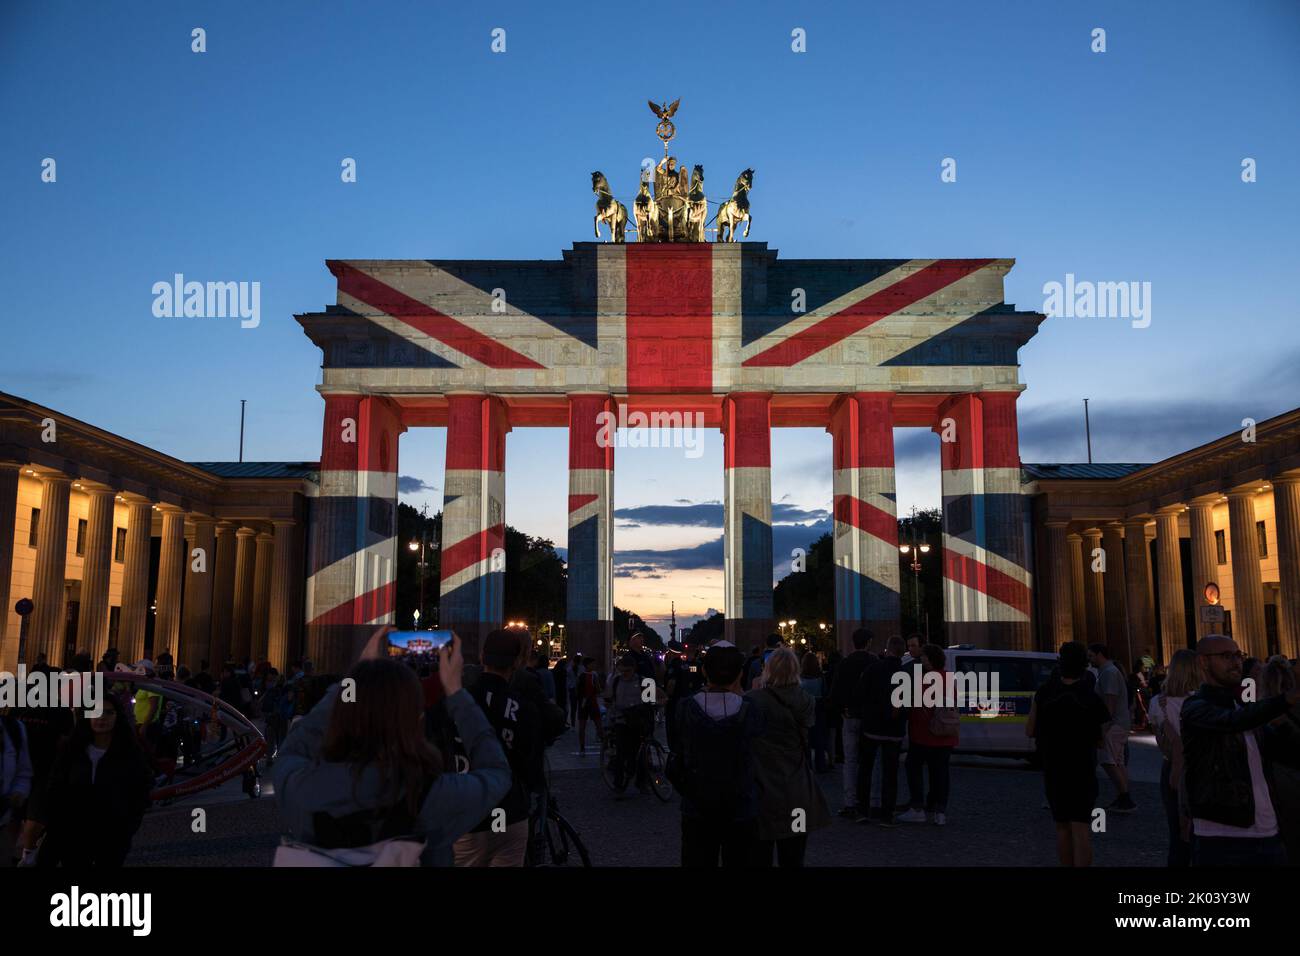 Nella capitale tedesca di Berlino, la porta di Brandeburgo è stata illuminata con la bandiera dell'Unione la sera del 9 settembre 2022, in lutto della regina Elisabetta II Molte persone si sono riunite a Pariser Platz per esprimere la loro solidarietà. La regina Elisabetta II aveva guidato attraverso la porta di Brandeburgo nel 2015 con il principe Filippo nella sua limousine dopo aver detto Arrivederci a Pariser Platz. La regina Elisabetta II arrivò per la prima volta a Berlino, che era ancora divisa all'epoca, nel 1965, come primo capo di stato britannico dopo la seconda guerra mondiale, dove fu accolta da un pubblico di almeno un milione di persone. A quel tempo, lei no Foto Stock
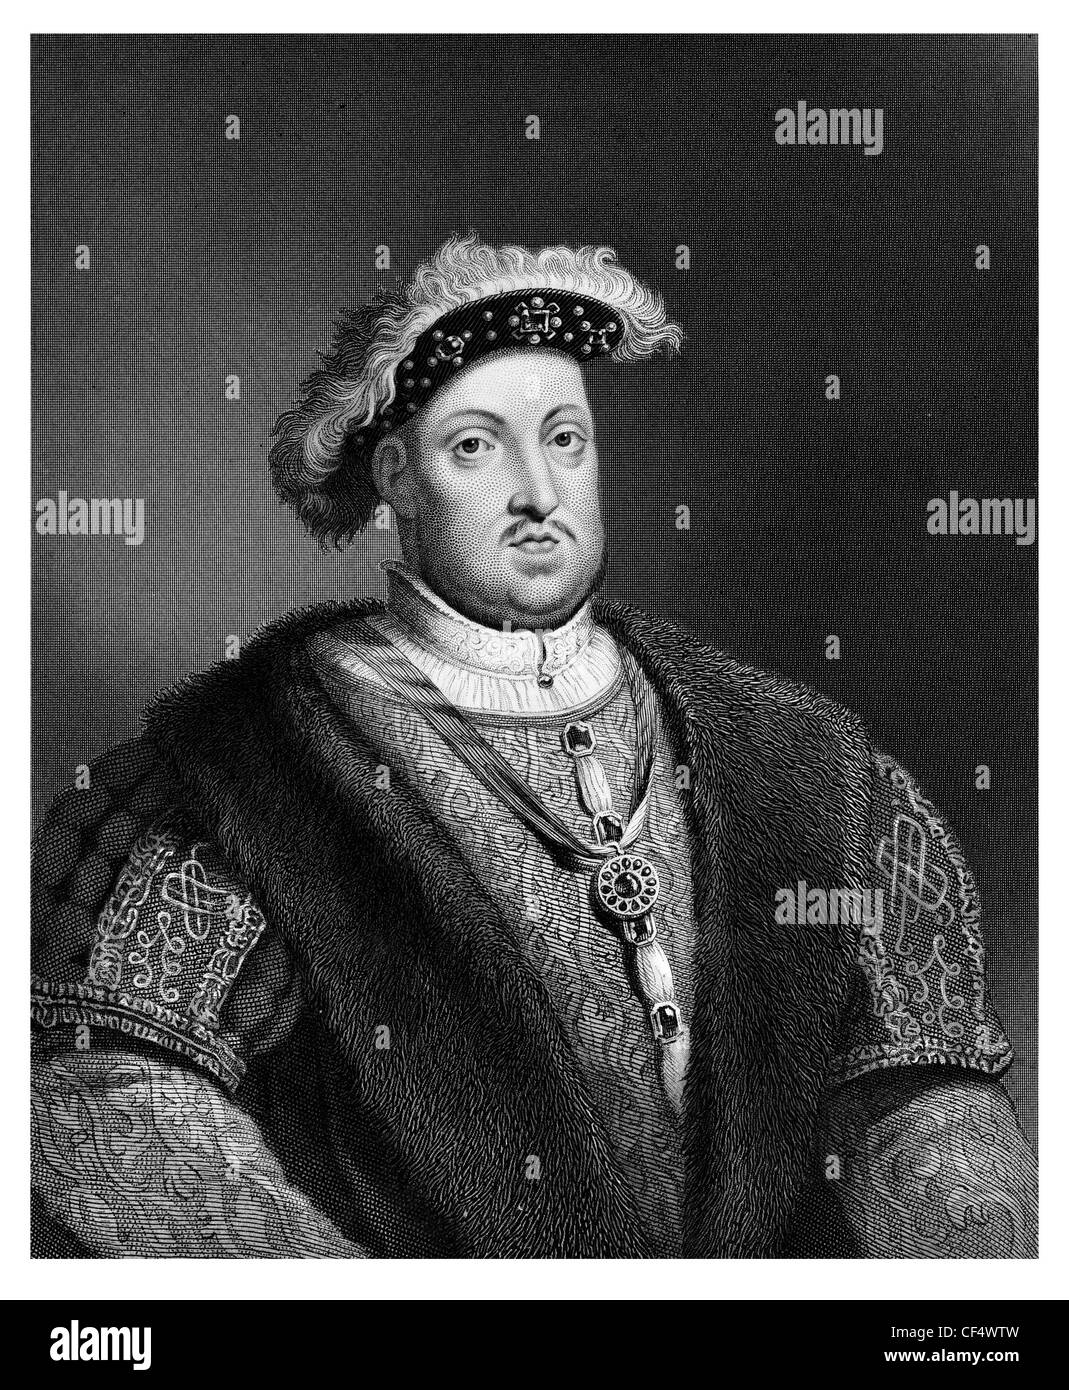 Enrique VIII, rey de Inglaterra Señor monarca de la casa Tudor royal emperador abrigo Foto de stock
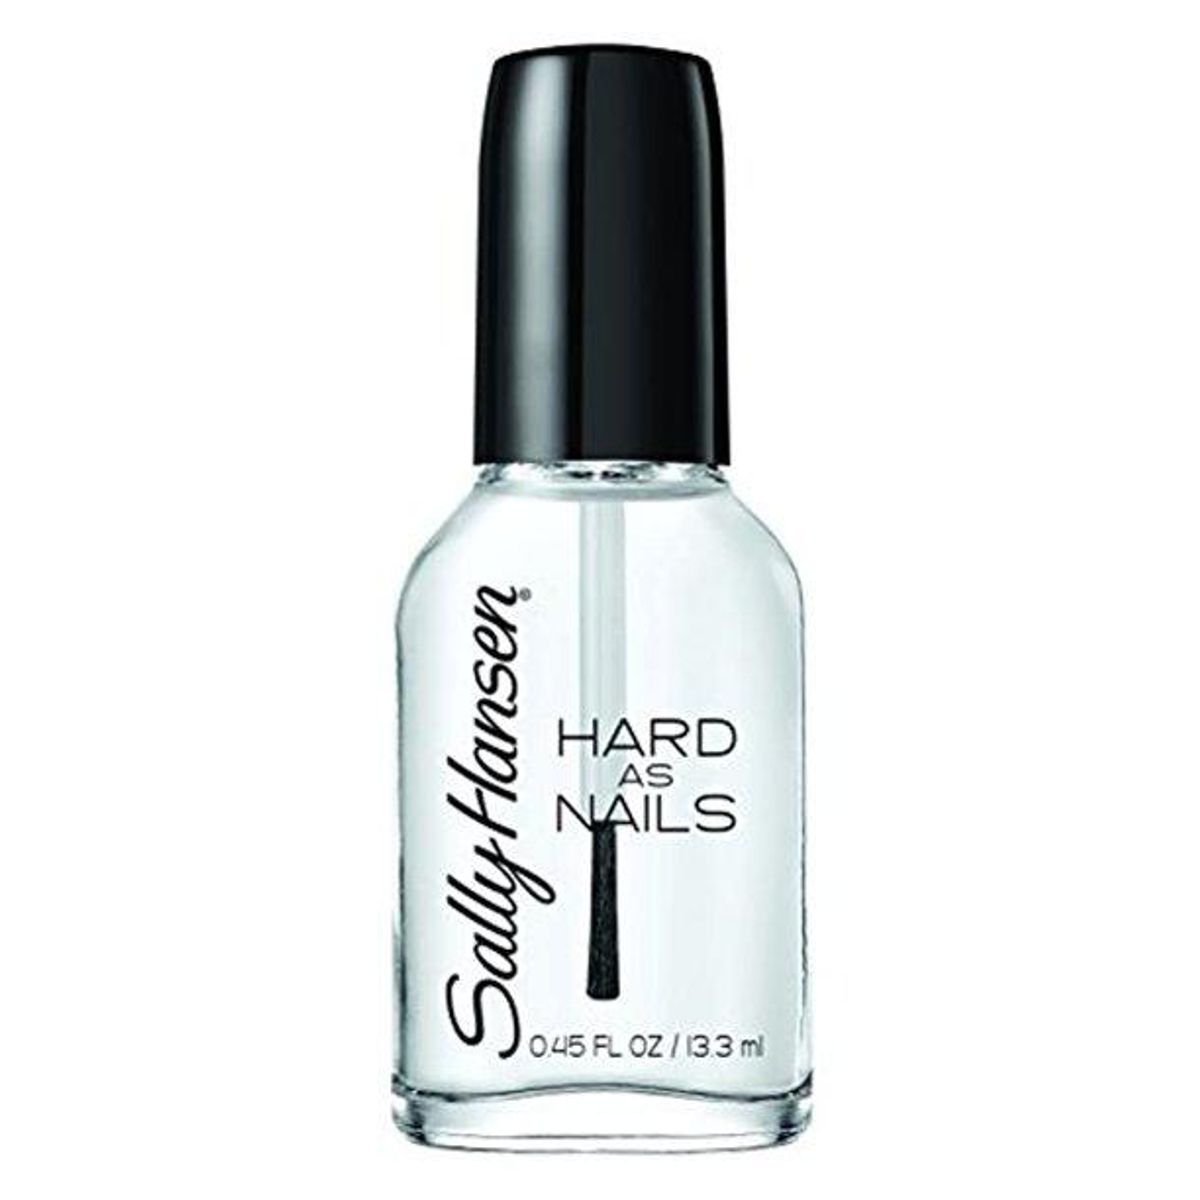 Hard as Nails Nail Polish in Crystal Clear

TASK ITEM: Transcribe the listing above in full and exactly; no pictures belong in the copy.

RESPONSE AREA:
 Nella capitale tedesca di Berlino, la porta di Brandeburgo è stata illuminata con la bandiera dell'Unione la sera del 9 settembre 2022, in lutto della regina Elisabetta II Molte persone si sono riunite a Pariser Platz per esprimere la loro solidarietà. La regina Elisabetta II aveva guidato attraverso la porta di Brandeburgo nel 2015 con il principe Filippo nella sua limousine dopo aver detto Arrivederci a Pariser Platz. La regina Elisabetta II arrivò per la prima volta a Berlino, che era ancora divisa all'epoca, nel 1965, come primo capo di stato britannico dopo la seconda guerra mondiale, dove fu accolta da un pubblico di almeno un milione di persone. A quel tempo, lei no Foto Stock
 Enrique VIII, rey de Inglaterra Señor monarca de la casa Tudor royal emperador abrigo Foto de stock
 Hard as Nails Nail Polish in Crystal Clear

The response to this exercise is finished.